# Script to match a Spotify song with a Youtube video

* Data needs to be in CSV format
* Artist represents a list of all the artists contributing to that song
* In this example I use the video matching to get the view count

In [None]:
from __future__ import print_function    # (at top of module)
import warnings
#warnings.filterwarnings('always')
from spotipy.oauth2 import SpotifyClientCredentials
import json
import spotipy
import time
import sys
import csv
import pandas as pd
import numpy as np
import matplotlib
import matplotlib.pyplot as plt
% matplotlib inline
plt.rcParams['figure.figsize'] = [10, 10]
from matplotlib.pyplot import figure
import math
import seaborn as sns
import config
import requests
import urllib

fileName = "google_cleaned_data.csv"

In [None]:
data = pd.read_csv(fileName ,encoding='utf-8')
data = data.drop_duplicates(subset=['song_id'], keep='first')
#data = data.drop_duplicates(subset=['song_title'], keep='first')
# delete all rows with column 'Age' has value 30 to 40 
#indexNames = data[ (data['popularity'] < 50) | (data['total_no_streams'] < 1000000) ].index
#data.drop(indexNames , inplace=True)
print("Number of entries in original data after cleaning: " + str(len(data.index)))

In [None]:
# DEBUGGING : print statements are commented out

# Build the query from the data
temp_query = ""
youtube_view_counts = []
youtube_video_titles = []
total_data_length = str(len(data.index))
cur_index = 1

# For each row in the dataframe
for index, row in data.iterrows():
    
    # Progress indicator
    print(cur_index, "/", total_data_length)
    cur_index += 1
    
    # Build the query as song_title + artists (from the Spotify API)
    temp_query += row['song_title'].replace(',', "") + " " + row['artist'].replace('[', "").replace(']', "").replace(',', "")
    
    #print("===============")
    #print(temp_query)
    
    params_for_query = {"part": "snippet",
                        "maxResults": 5,
                        "order": "relevance",
                        "pageToken": "",
                        "q": temp_query,
                        "key": config.youtube_client_secret,
                        "type": "video",
                        }
    url1 = "https://www.googleapis.com/youtube/v3/search"
    
    # Get top 5 video results ordered by relevance
    # TODO: Still some matching problems - how to get the most relevant video with the most views from official sources?
    page_query = requests.request(method="get", url=url1, params=params_for_query)
    j_results_query = json.loads(page_query.text)
    
    #print("QUERY ============================")
    
    max_viewcount = 0
    max_viewcount_title = ""
    
    # Iterate through the first 5 results to find the relevant video with most views
    for item in j_results_query['items']:
    
        
        #print("Video title: ", item['snippet']['title'])
        
        # Video title of a video to match the query string
        video_title = item['snippet']['title']

        
        #print("Video id: ", item['id']['videoId'])
        
        # Get the video ID of a video to match the query string
        video_id = item['id']['videoId']

        # Next, using this video ID we need to get the view count of that video
        params_for_stats = {"part": "statistics",
                            "id": video_id,
                            "key": config.youtube_client_secret,
                           }
        url2 = "https://www.googleapis.com/youtube/v3/videos"
        page_stats = requests.request(method="get", url=url2, params=params_for_stats)
        j_results_stats = json.loads(page_stats.text)

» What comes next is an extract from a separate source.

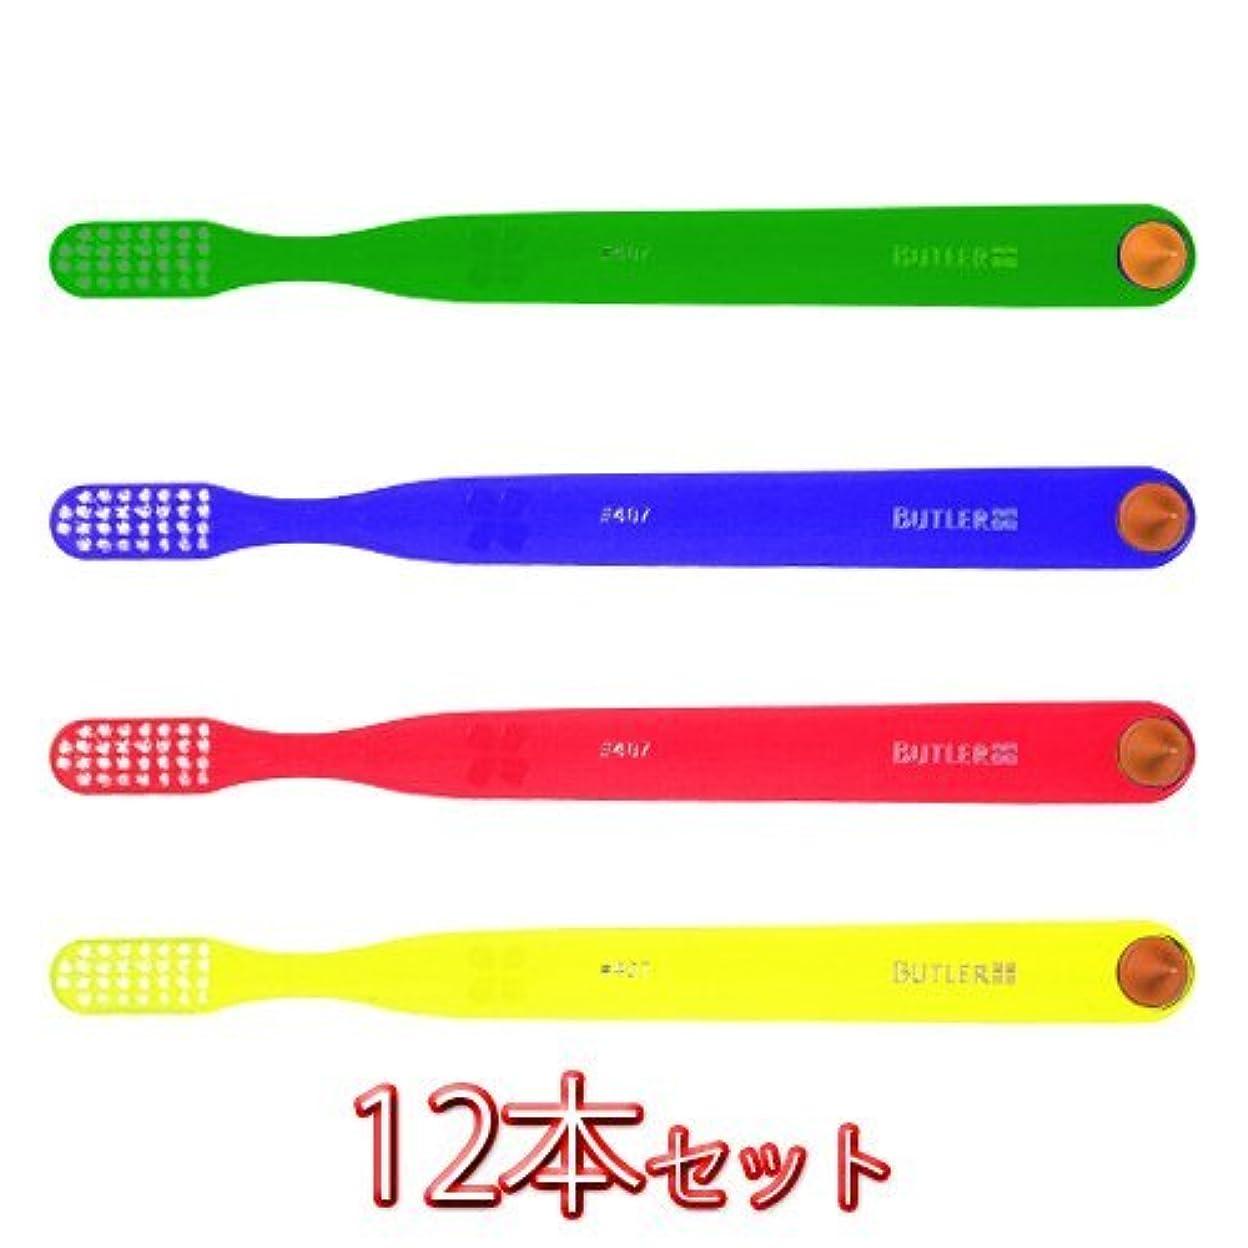 バトラー 歯ブラシ 12本入 #407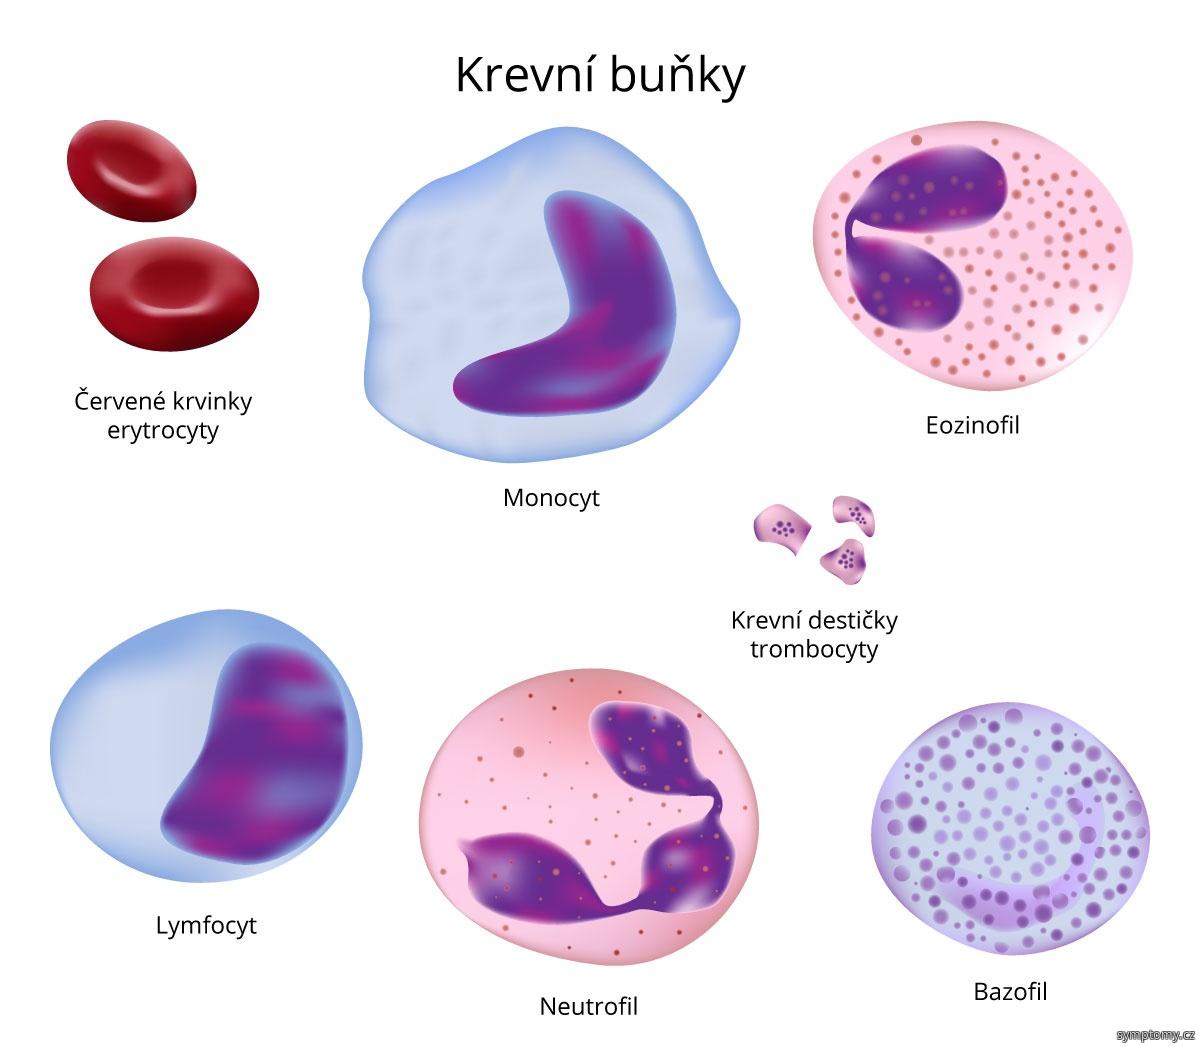 Krevní buňky - entrocity, monocyt, ezinofil, trombocyty, lymfocyt, neutrofil, bazofil

        # Check if problem with retrieving statistics
        if 'items' in j_results_stats:
            
            #print("Video view count: ", j_results_stats['items'][0]['statistics']['viewCount'])
            
            # Get the view count
            view_count  = j_results_stats['items'][0]['statistics']['viewCount']
            
            # This is my hacky matching condition
            # The video we want to match to our spotify song has to be the version of the song with the most views
            # BUT we also need to make sure that it is the same song
            # The .split() gets rid of some useless parts in a song title from spotify such as this
            # e.g. Spotify title = "Eastside (feat. Elton John)" - > "Eastside"
            # e.g. If we want the matching song for "Ariana Grande - thank u, next" and the results from the YT API are 
            #           1. "Ariana Grande - thank u, next (1 million views)"
            #           2. "Ariana Grande - breathin (5 million views)"
            # We would be tempted to just take the one with more views but in fact we need to double check so we only update the max
            # if the string "thank u, next" is also in the youtube video title
            # Hope this makes sense :) 
            if int(view_count) > max_viewcount and row['song_title'].split('(', 1)[0].split('-', 1)[0].rstrip().lower() in video_title.lower():
                max_viewcount = int(view_count)
                max_viewcount_title = video_title
            
    #print("CHOICE IS: ", max_viewcount_title, " ---- ", max_viewcount)
    
    # Keep the counts in a list
    youtube_view_counts.append(int(max_viewcount))
    
    #Keep titles in a list
    # Commas in the title would interefere with the CSV format so we get rid of them, also [] because they are list notation
    youtube_video_titles.append(max_viewcount_title.replace(",", "").replace('[','(').replace(']', ')'))
    
    temp_query = ""
    
# Add the two new columns to the data
data['youtube_view_count'] = youtube_view_counts
data['youtube_video_title'] = youtube_video_titles

print()
print("Done getting data.")

In [None]:
data.to_csv("data_try_algo_nn.csv", encoding="utf-8", header=True, index=False)